Early intervention for depressive disorders in young people: the opportunity and the (lack of) evidence

Nicholas B Allen, Sarah E Hetrick, Julian G Simmons and Ian B Hickie
Med J Aust 2007; 187 (7): S15. || doi: 10.5694/j.1326-5377.2007.tb01329.x
Published online: 1 October 2007

Adolescence, in comparison with childhood, is associated with a marked rise in the incidence of depressive symptoms and disorders.1,2 Epidemiological studies estimate the point prevalence of unipolar depressive disorders to be between 0.4% and 8%, with 20% of adolescents experiencing a diagnosable depressive episode by age 18 years.1,3 In addition, longitudinal data indicate that an episode of depression is a substantial risk factor for subsequent episodes, both within adolescence and into adulthood.3,4 This increased vulnerability is likely to reflect the adverse impact of depressive episodes on neurobiological and cognitive development,5,6 as well as on emotional, social, and occupational functioning.7,8 These data indicate the public health significance of adolescent depressive syndromes, and the need to intervene effectively and early in adolescents who suffer from these disorders.

Despite a great deal of research being directed to the prevention of depressive disorders in children and adolescents,9,10 early intervention has received little attention. By early intervention, we are particularly referring to optimal treatment of the first episode or first presentation of depressive disorders. Such optimal treatment should not only effectively ameliorate the symptoms of the presenting episode, but should also aim to prevent the development or exacerbation of risk factors for relapse. Some authors have argued that early and effective intervention might greatly reduce the ongoing prevalence rates of depression,11,12 and that the development of cognitive factors that increase the risk of depression could be halted early in life.13-15

Here, we outline the opportunities for early intervention in depressive disorders, highlighting the pressing need for intervention studies of treatment and relapse prevention targeted at the early phases of illness in younger age groups.

The imperative for early intervention in depressive disorders

It has been argued that early intervention in depressive disorders represents a potentially significant preventive strategy. Harrington and Clark11 have suggested that, if all cases of depression in 13-year-olds were successfully treated, the risk of depressive disorders could be reduced by 10%. Indeed, achieving full remission from the acute phase is a significant factor in preventing relapse or recurrence.12

There is evidence from longitudinal studies suggesting that intervening in the first episode of depression may be crucial in halting the development of a vulnerable cognitive style linked with recurrent episodes. A substantial body of evidence from adult studies suggests that psychosocial stressors, often in the form of major stressful life events, play a greater role in the onset of the first episode of depression than in subsequent episodes.16 This implies that subsequent episodes require decreasing external triggering.
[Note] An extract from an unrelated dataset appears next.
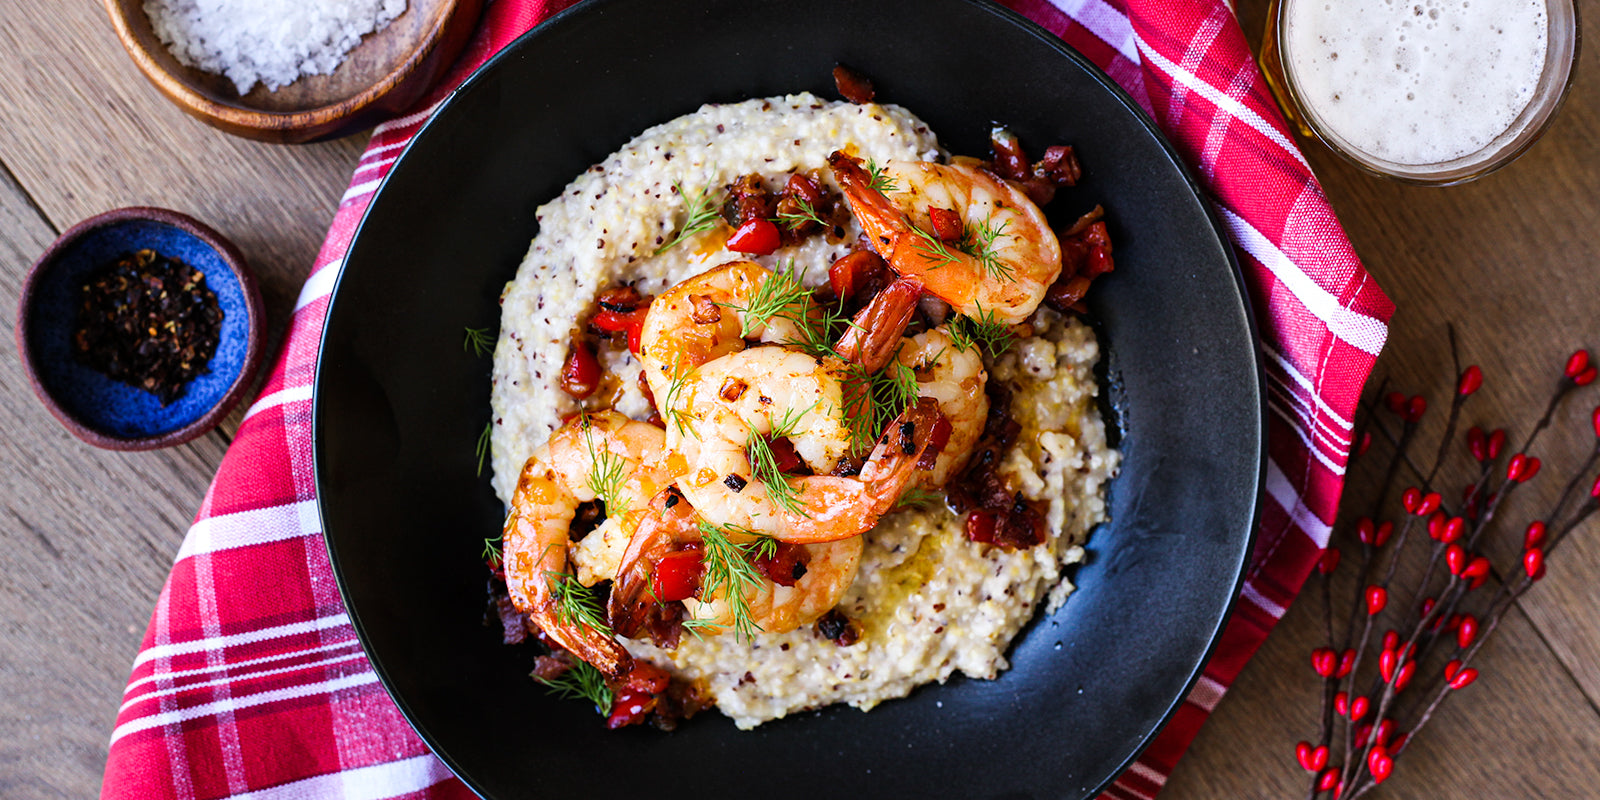 Shrimp and Grits Foodocracy Style
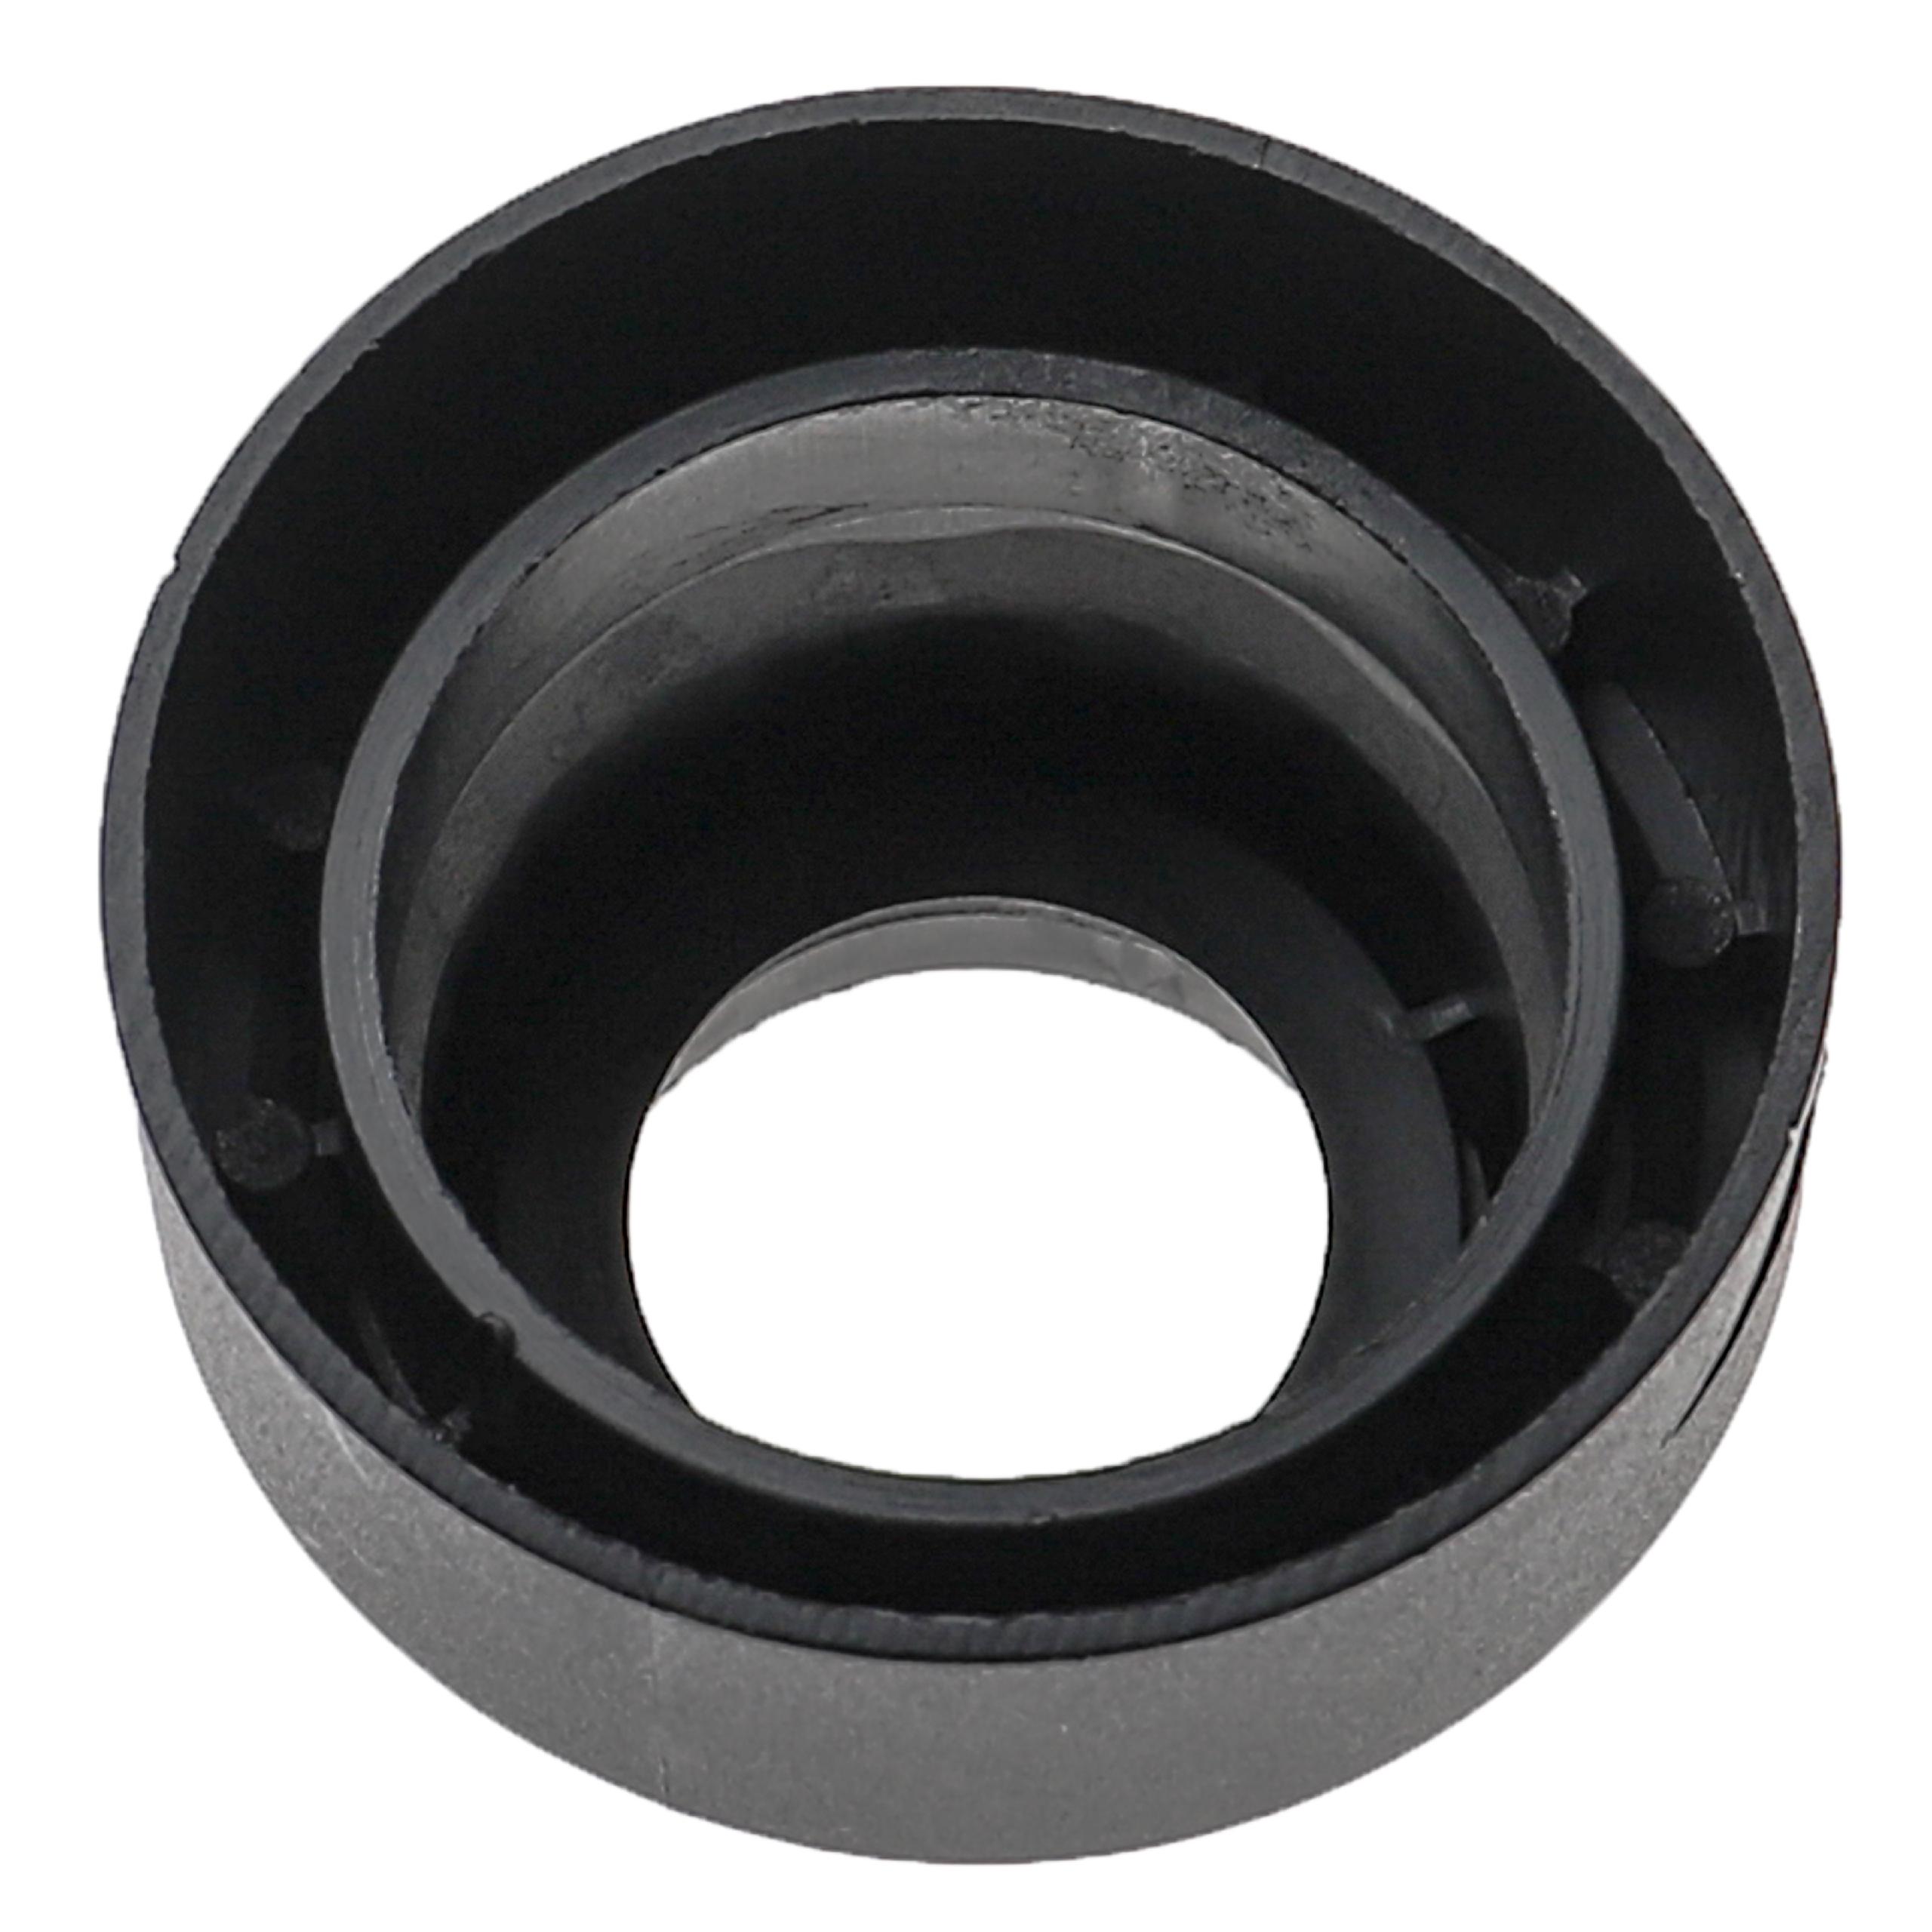 Drill Chuck Guard as Replacement for Bosch 1 619 P02 182 suitable for Bosch Hammer Drill, Power Drill

This may be related to increasingly negative information processing modes associated with dysphoric mood.15

In support of this hypothesis, Kendler et al13 showed that the impact of stressful events on the onset of depressive episodes decreased with each successive episode. In one of the few studies to evaluate this model in a longitudinal cohort of community-based young people, major life events were a stronger predictor of the first episode of a major depressive disorder than recurrent episodes.14 Recurrent episodes, on the other hand, were more strongly predicted by the interaction between depressed mood and negative thinking, suggesting that while characteristics of the environment were the critical predictors of first episodes, characteristics of the individual (potentially influenced by previous experiences of depression) are the major predictors of subsequent episodes.

The evidence
Early intervention in depressive disorders

There are no studies, either in adults or adolescents, of treatment or prevention of relapse or recurrence specifically focused on the first episode of depression. While studies of adolescents are likely to contain a greater proportion of those who are experiencing a first episode of depression, they are not exclusively first-episode cases. Furthermore, most intervention studies are undertaken within clinical services. Many young people experiencing an initial episode may not be in contact with these services. Recognition of depressive disorders within primary health care services and the school setting is therefore also an important focus.11

There are many studies on the use of psychosocial interventions with children and adolescents suffering from depressive disorders, especially cognitive behaviour therapy. A recent review by Compton and colleagues17 concluded that, from an evidence-based perspective, cognitive behaviour therapy is currently the treatment of choice for anxiety and depressive disorders in children and adolescents. Clearly, as a benign and effective intervention for depressive disorders in children and adolescents, cognitive behaviour therapy represents one of the “best bests” for early intervention approaches to depression.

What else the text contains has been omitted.